EYE ON THE PIE: Where you shop makes a difference

2012-12-02T00:00:00Z EYE ON THE PIE: Where you shop makes a differenceBy Morton Marcus Times Business Columnist nwitimes.com
December 02, 2012 12:00 am  • 

FThe great shopping season is upon us. First, Halloween; now, Christmas. Americans tell us much about what they value, in time and money, as they hand over their cash, checks, debit and credit cards.

Expensive toys for your grandchildren and cheap trinkets for their parents (your children) tell us who is important and who is an afterthought. If you spend money on a holiday cruise for yourself while people in your community go hungry or without proper clothes against the cold, we see what you think is important.

Beyond what you buy is where you buy. Money spent locally helps your community. Money spent in another town (in person or online) helps that other place.

When you buy from a local merchant, you help employment in your town. Jobs in town increase the likelihood of people living in town or nearby. That helps sustain property values. More residents mean our schools don’t face the agony of declining enrollment. More income for local residents means a broader base for supporting both public and private services.

The pay of people working locally is usually spent locally, which supports other businesses in town. This means survival for those firms and increased choice for you as a consumer.

The more choice we have, the greater our chances of living well. Want to go out to lunch or for an anniversary dinner? You want to have choices among many good places. You don’t want to settle for the same place every time just because there is no suitable alternative.

Not everything is available locally. Sometimes we must travel to find specialty goods and services. Not every town can or wants to support an Armenian, Thai or French restaurant. But if your town does not support what it has, new businesses offering more choices are unlikely to open. No entrepreneur wants to risk investing in a place where competitors are just barely hanging on.

Improved roads make it possible for us to range far and wide in our shopping. For some of us this is recreation. We go off somewhere to shop because it takes us from our everyday world into a different environment. It’s fun. But what does it do for our choices tomorrow?

Buying from a catalog or online is easy. The choices are great and the goods come right to our doors. But what does it do for our neighbors?
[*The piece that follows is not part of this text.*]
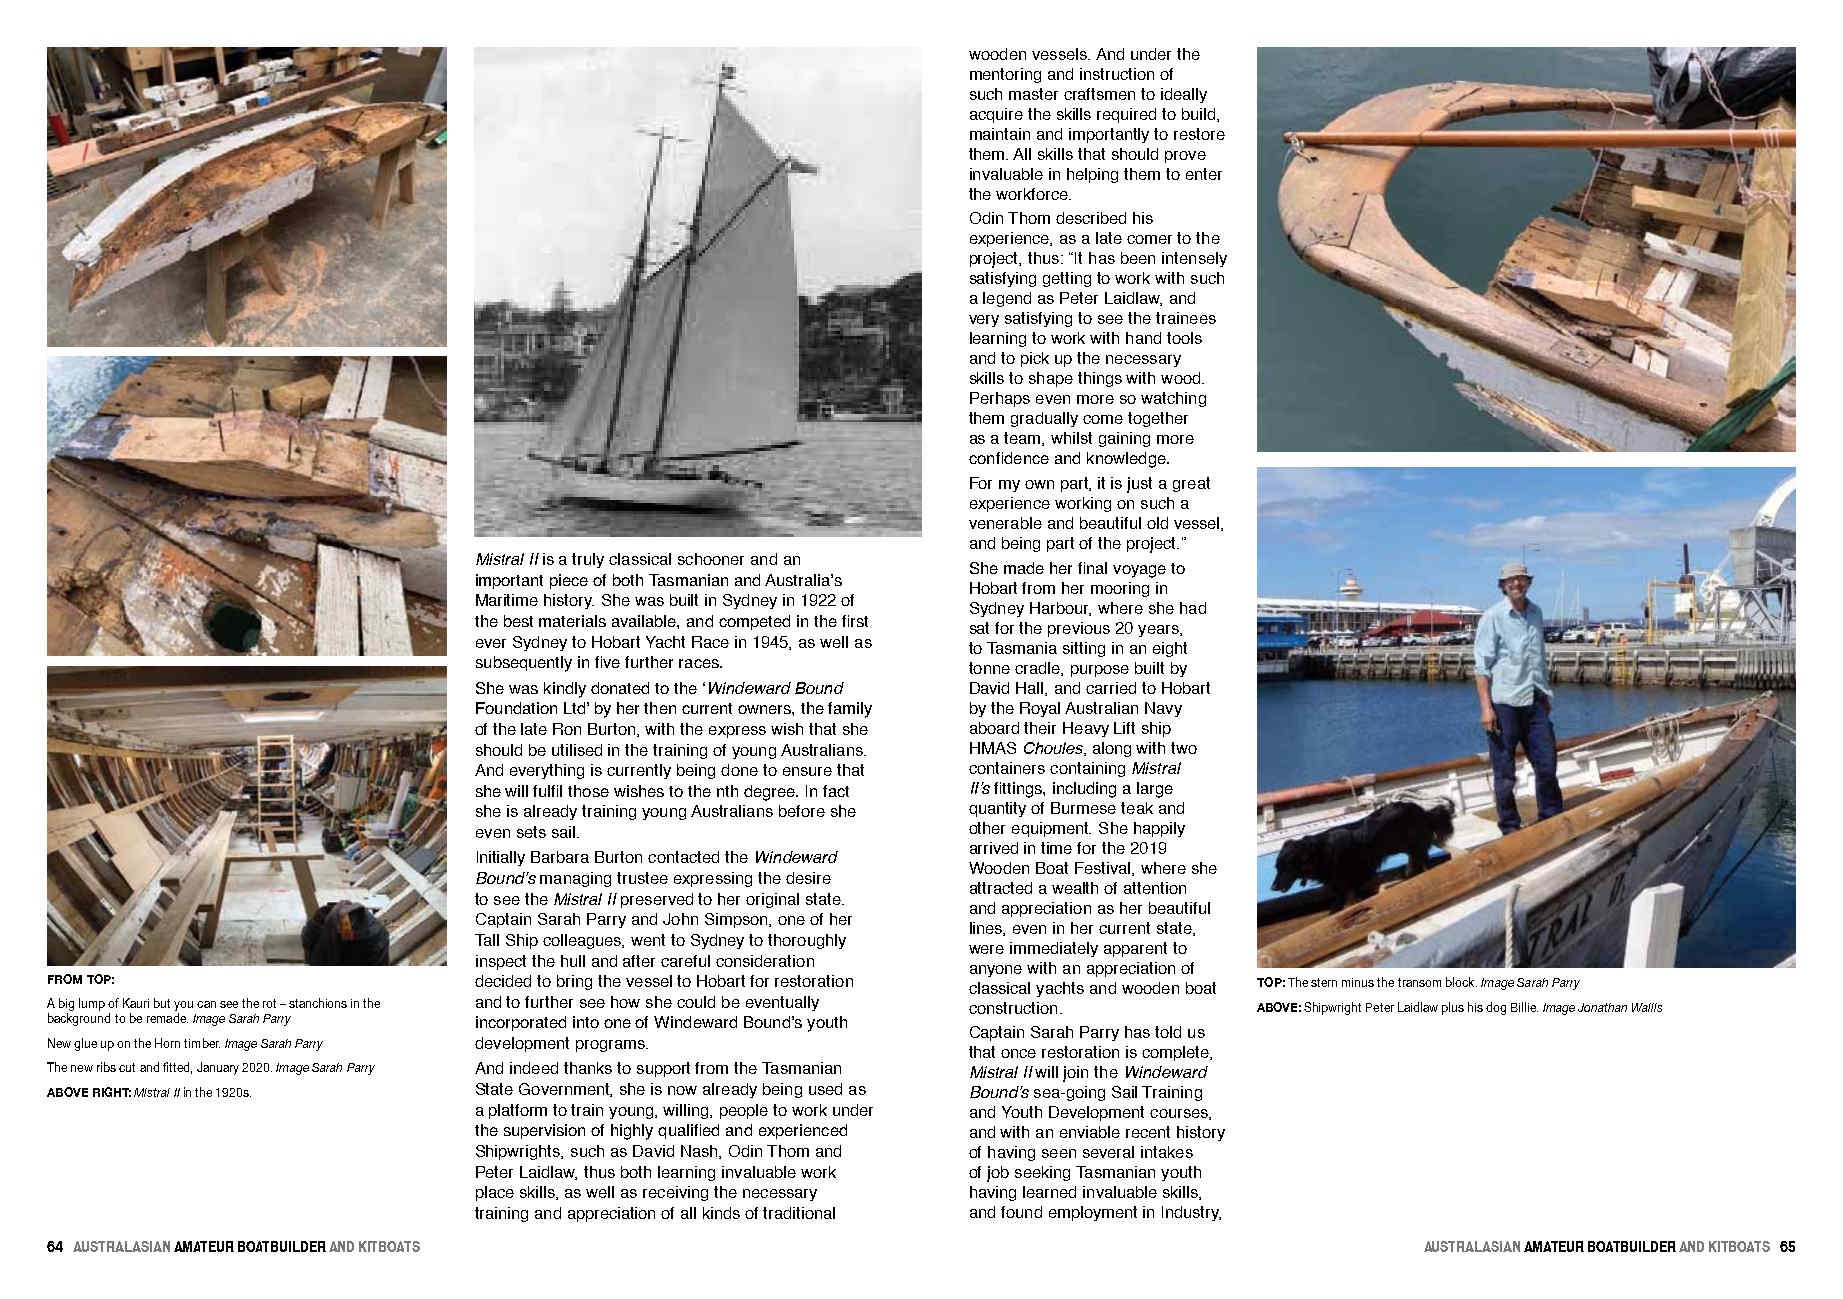 Australasian Amature Boat Building Magazine — Windeward Bound

Often goods will cost less in a bigger town because the merchants there are able to get deeper discounts by buying in greater quantities. You have a choice. Spend time and money traveling to save money on your purchases, or, buy locally and invest in your home town.

None of this says you should buy inferior goods or support inferior services just because they are local. You do no good for yourself, other consumers or the seller by encouraging poor quality. Local sellers have a responsibility to offer the best quality goods and services they can. That is their investment, not only in their businesses, but in their community as well.

Thus, this shopping season when you buy locally, you will make an investment in your community and in your own future. Your purchases are not just for the items you take home. They include a commitment to the place you call home, to the prosperity of that place, to your neighbors and to the choices you will enjoy in the future.